Helsinki’s new subterranean art museum opens its doors
Five years before Finland’s capital city was set to host the 1940 Summer Olympics, local authorities granted three young architects permission to design one of the many temporary structures that would welcome visitors to the Games. The result was a functionalist shopping center featuring offices, restaurants and even a movie theater. Encased in seemingly endless window panels, the building soon earned the title of Lasipalatsi, or the “Glass Palace.”
On September 1, 1939, German forces invaded Poland, beginning World War II and, albeit unwittingly, rescuing Lasipalatsi from demolition. As Michael Hunt writes for Artnet News, the Olympics’ wartime hiatus, as well as post-war financial difficulties, prevented Finnish officials from dismantling the Glass Palace and replacing it with a new structure designed specifically for the rescheduled 1952 Helsinki Olympics. Lasipalatsi endured, eventually becoming a popular local landmark. By the 1980s, however, the structure had become an increasingly unwelcome strain on the city’s finances.
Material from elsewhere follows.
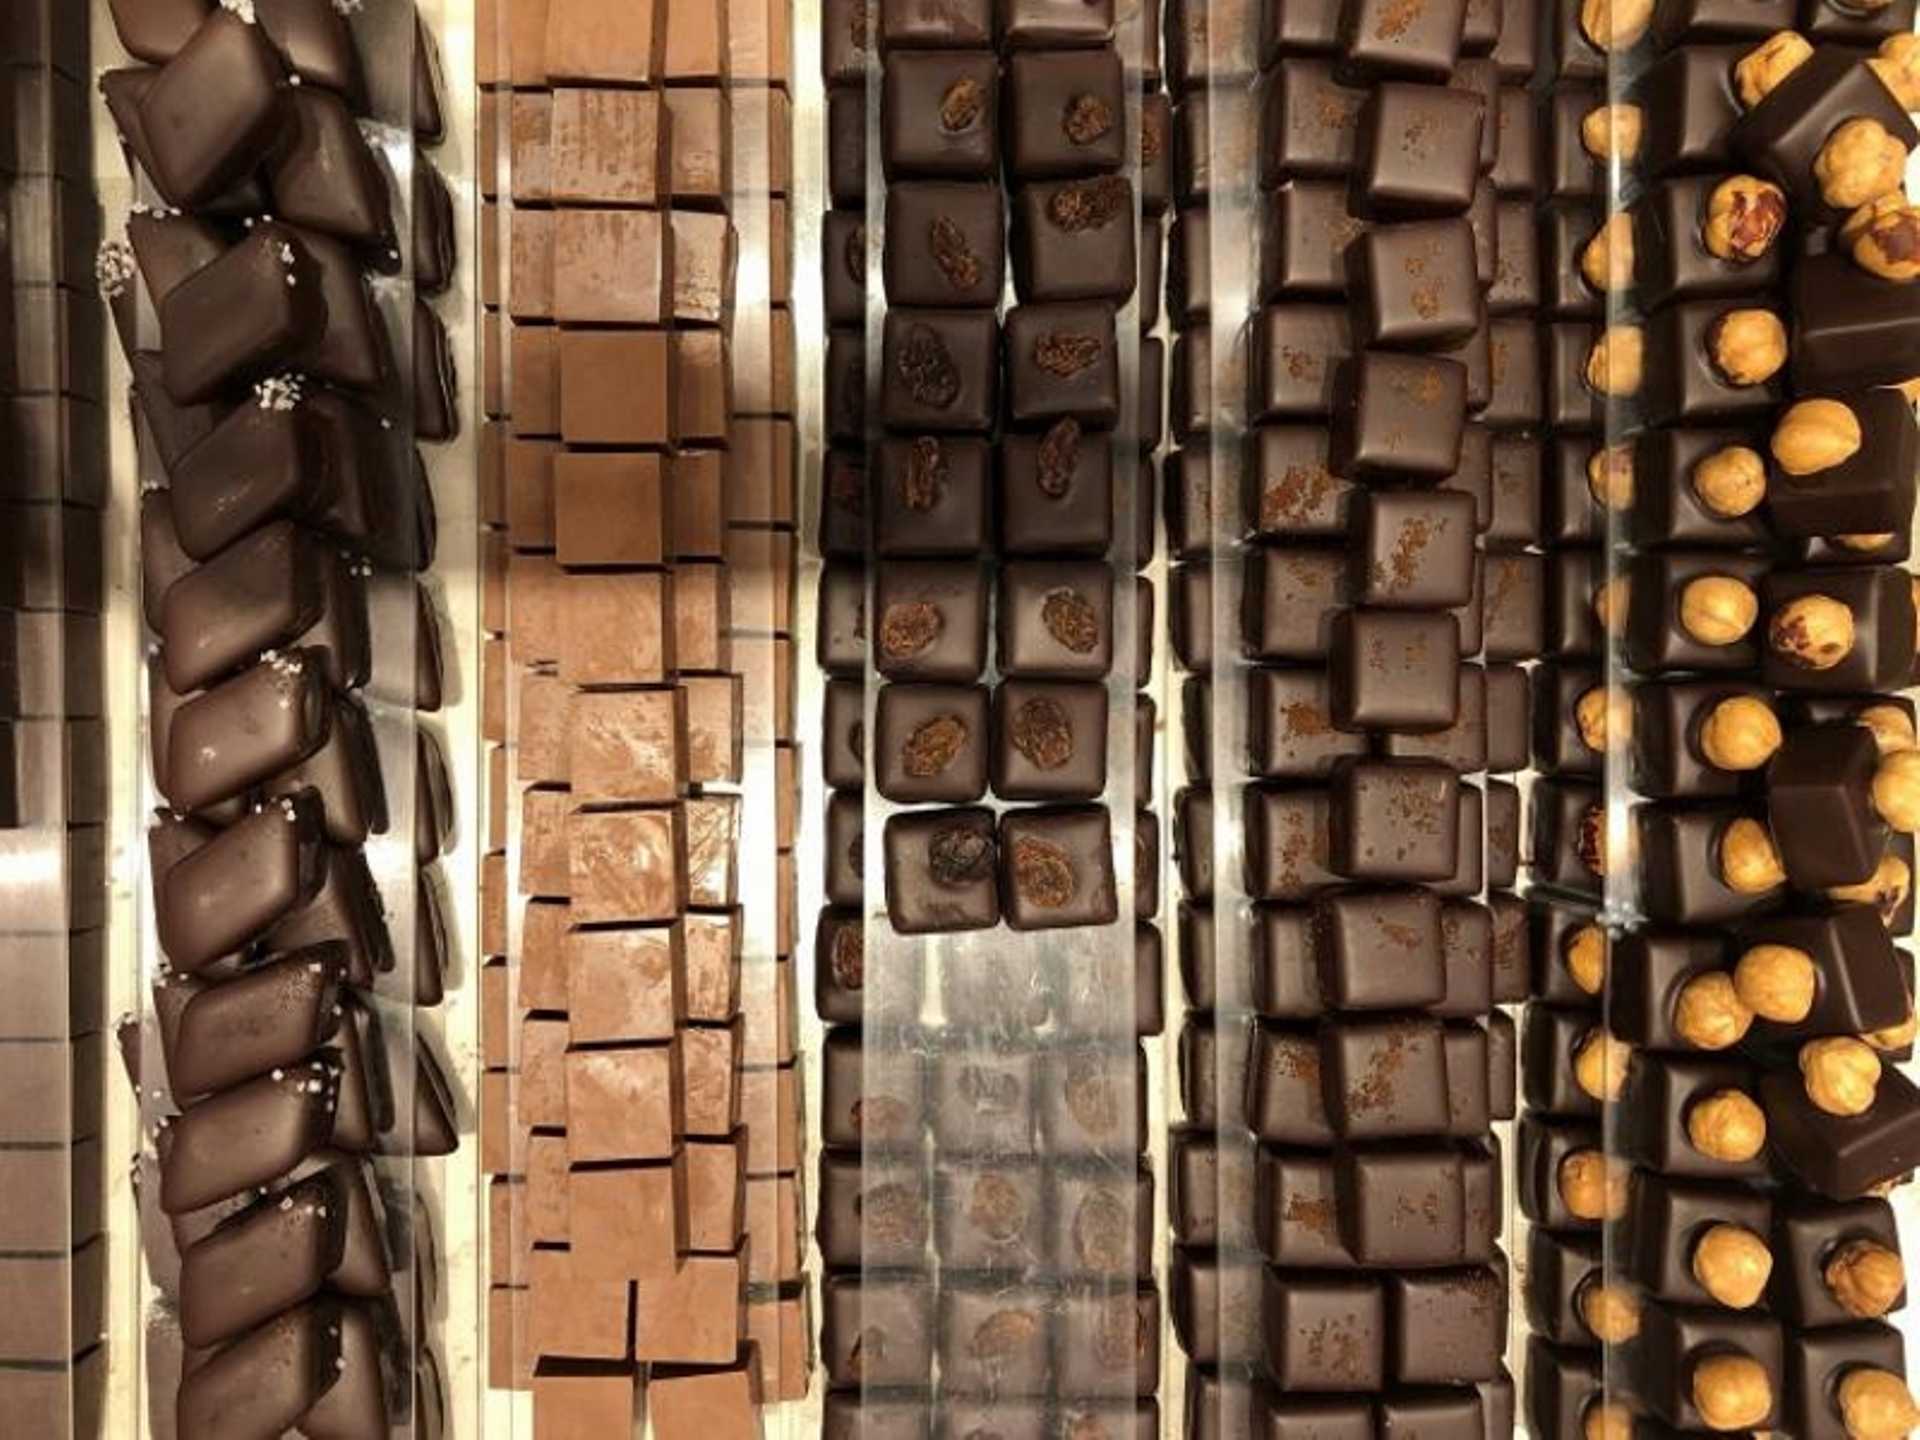 Chocolate Tasting in Venice

Today, Lasipalatsi is beloved (and profitable) once more, thanks in large part to art patron and newspaper publisher Amos Anderson, whose $60 million Amos Rex Museum—a futuristic art bunker nestled beneath the Glass Palace—opened to the public this week.
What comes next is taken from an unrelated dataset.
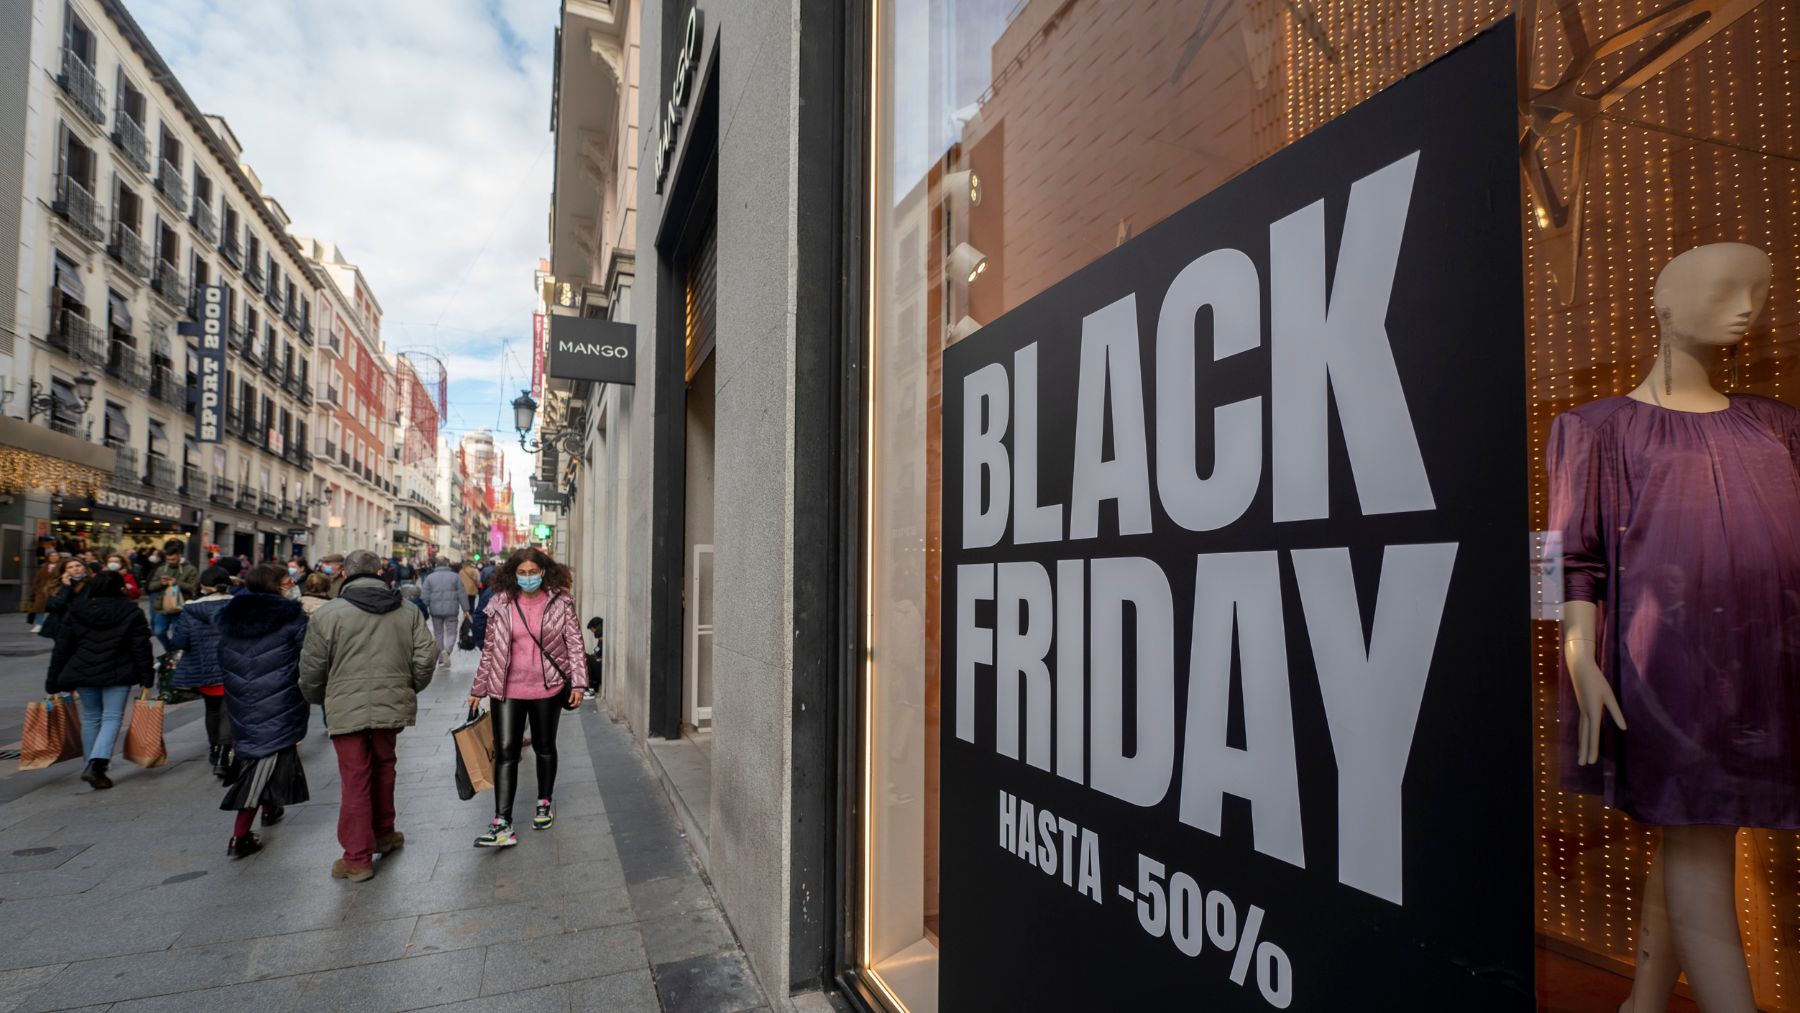 Un cartel publicitario anuncia rebajas con motivo del Black Friday

The Guardian’s Oliver Wainwright reports that the new museum was designed by Helsinki architecture firm JKMM. Sprawling underground galleries stretch across 23,350 square feet, while domed skylights covered in simple geometric patterns dot the landscape and pour light down to the exhibition spaces below.
The bulk of the museum rests below a square beside Lasipalatsi. Once, the square housed Helsinki’s main bus station, Giovanna Dunmall writes for Wallpaper*, but today, all traces of this metropolitan terminal have vanished, replaced by the sweeping curvature of the Amos Rex’s mountainous skylights.
“The biggest challenge was how to make [the museum] visible in the cityscape,” Asmo Jaaksi, a founding partner at JKMM, tells Architectural Digest’s Nadja Sayej. “We wanted to have the square open but still draw people from aboveground to underground, so we came up with these domed forms, which try to be unto the building but not obtrusive.”
In an interview with Wallpaper*’s Dunmall, Jaaksi adds that Lasipalatsi was “very well built” despite its anticipated status as a temporary structure. Although architects restored the Glass Palace during the new project, its eclectic charm remains. Inside, salmon-colored columns are juxtaposed with glass light fixtures jutting out from red and blue ceilings, Wainwright notes; outside, Lasipalatsi’s one-time chimney stands tall amidst the clustered skylights, looking more like a lighthouse than a rudimentary ventilation system.
One of Lasipalatsi’s most notable features, the Bio Rex movie theater, closed a decade ago but has been revived in splendid fashion. Its 590 seats are covered in vivid red upholstery, while its circular ceiling lights hover above the auditorium as if they are UFOs, emitting a steady glow to guide viewers across the space. In addition to hosting weekend screenings of art-house and alternative films, Artnet News’ Hunt writes, the theater serves as the Amos Rex’s entrance, providing passage to the galleries below.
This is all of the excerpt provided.